The fight between the City of Pittsburgh and the Intergovernmental Cooperation Authority, involving millions of dollars in gaming revenues, is over. 

“As far as I’m concerned it’s a clean slate, it’s a new start,” said ICA Board Chair BJ Leber.

Each year $10 million of the taxes generated by the Rivers Casino is earmarked for the city. The ICA had withheld the 2014 and 2015 revenues, saying the city had to first install a new payroll system. The city went to court contending the condition was not valid. 

As part of the deal approved by the board Tuesday, the city has agreed to drop the suit. 

Leber said the deal is representative of board members’ desire to move forward and work closely with the city.

“We were appointed by the governor and legislators in Harrisburg, so we understand that we are an independent body and we are committed to working with the city and helping them make the right decision and move forward,” Leber said. “And we want to do that collaboratively.”

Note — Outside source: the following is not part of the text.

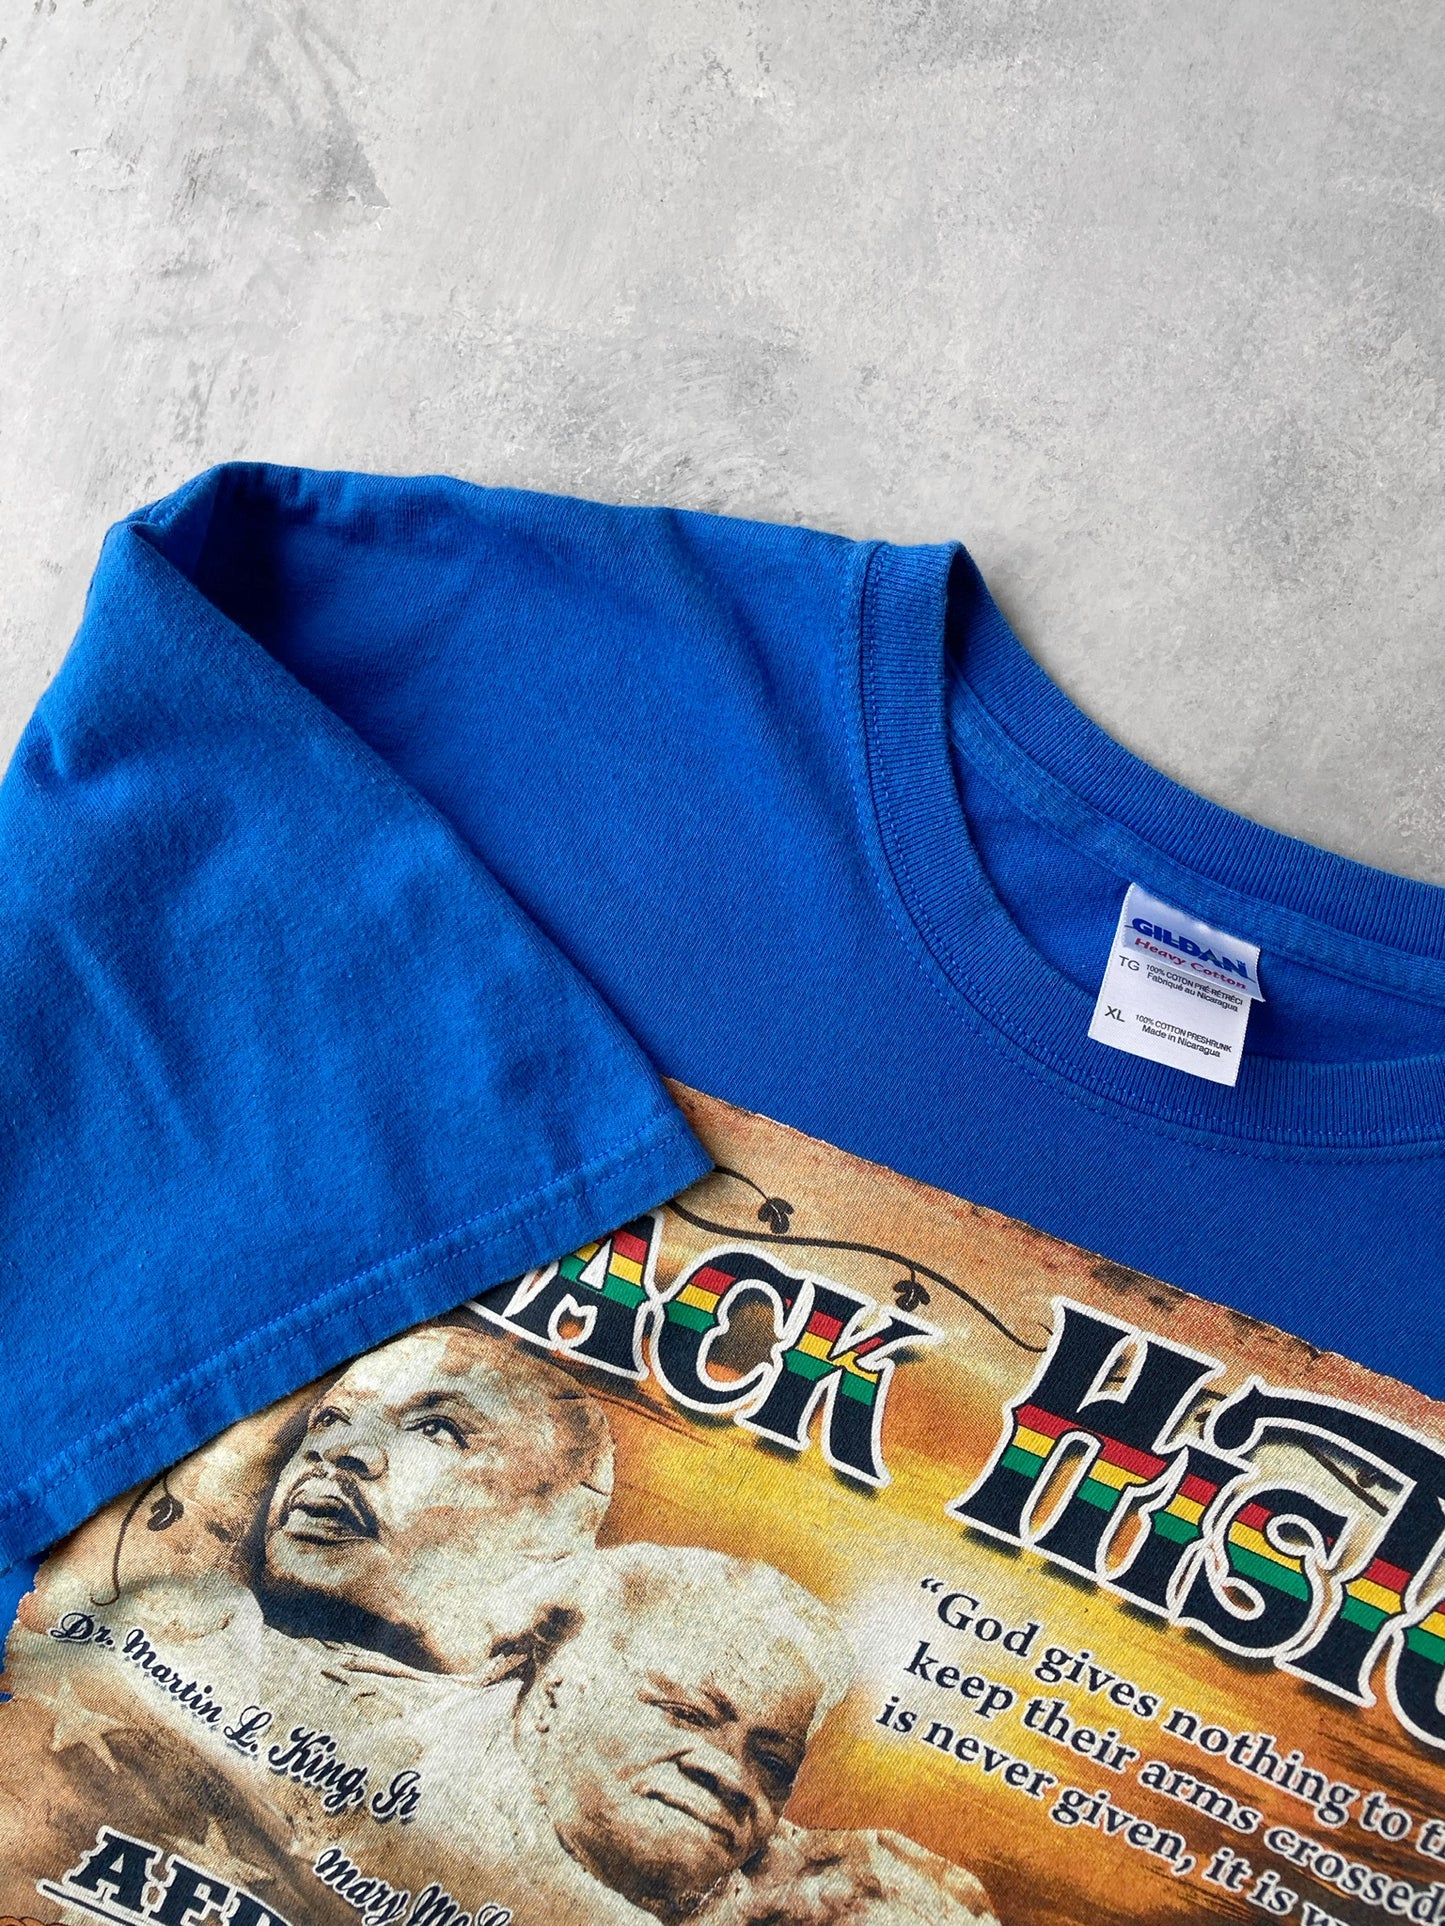 Black History T-Shirt 00's - XL
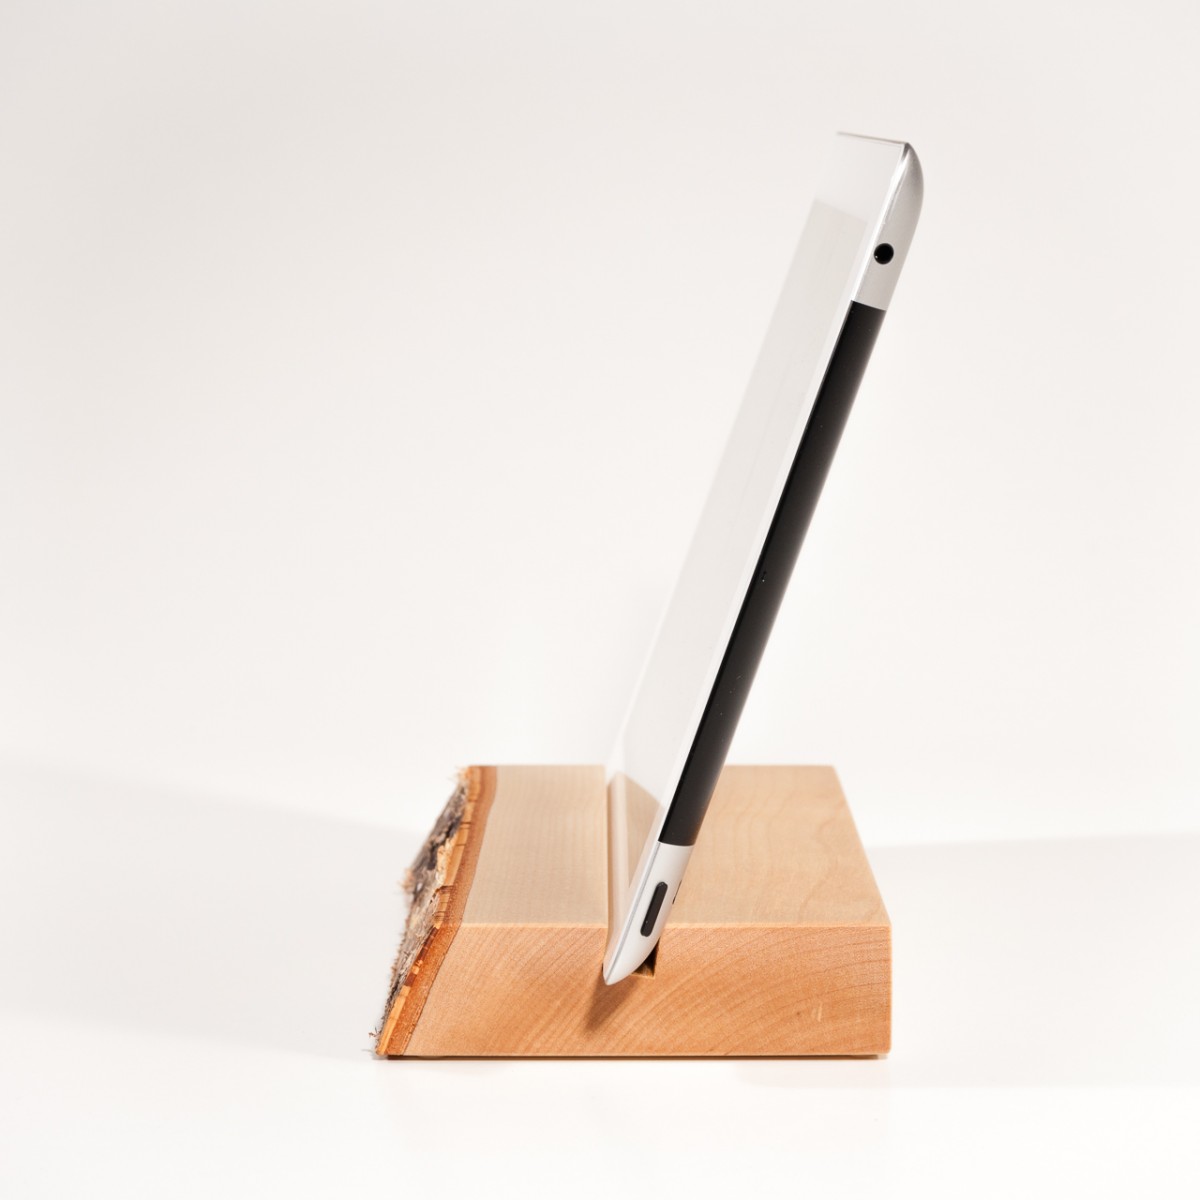 Halterung / Halter für iPad und tablet aus Holz

At one time the ICA withheld $20 million. In January, then-ICA Executive Director Henry Sciortino handed the city a check for $2.9 million, but did not release the remainder of the tax dollars plus the accrued interest. Sciortino was later fired by the board and is now under investigation for his handling of state funds. Under Sciortino's lead, roughly 90 percent of the authority’s documentation was found missing or destroyed.

The agreement indicates that $11 million will go directly toward the city’s pension fund and $7 million will go to the city’s general fund, with the intention that it will be used to help cover the city’s $70 million pension payment. 

Mayor Bill Peduto called the deal a fresh start in an interview with WESA last week.

“We’ll be able to start to work together without lawsuits to be able to get Pittsburgh out of Act 47, which is something that’s doable within the next three years,” Peduto said.

The lone “no” vote came from ICA Treasurer Michael Danovitz. He said he could not approve any plan that did not address the chronic underfunding of the city’s pension plan.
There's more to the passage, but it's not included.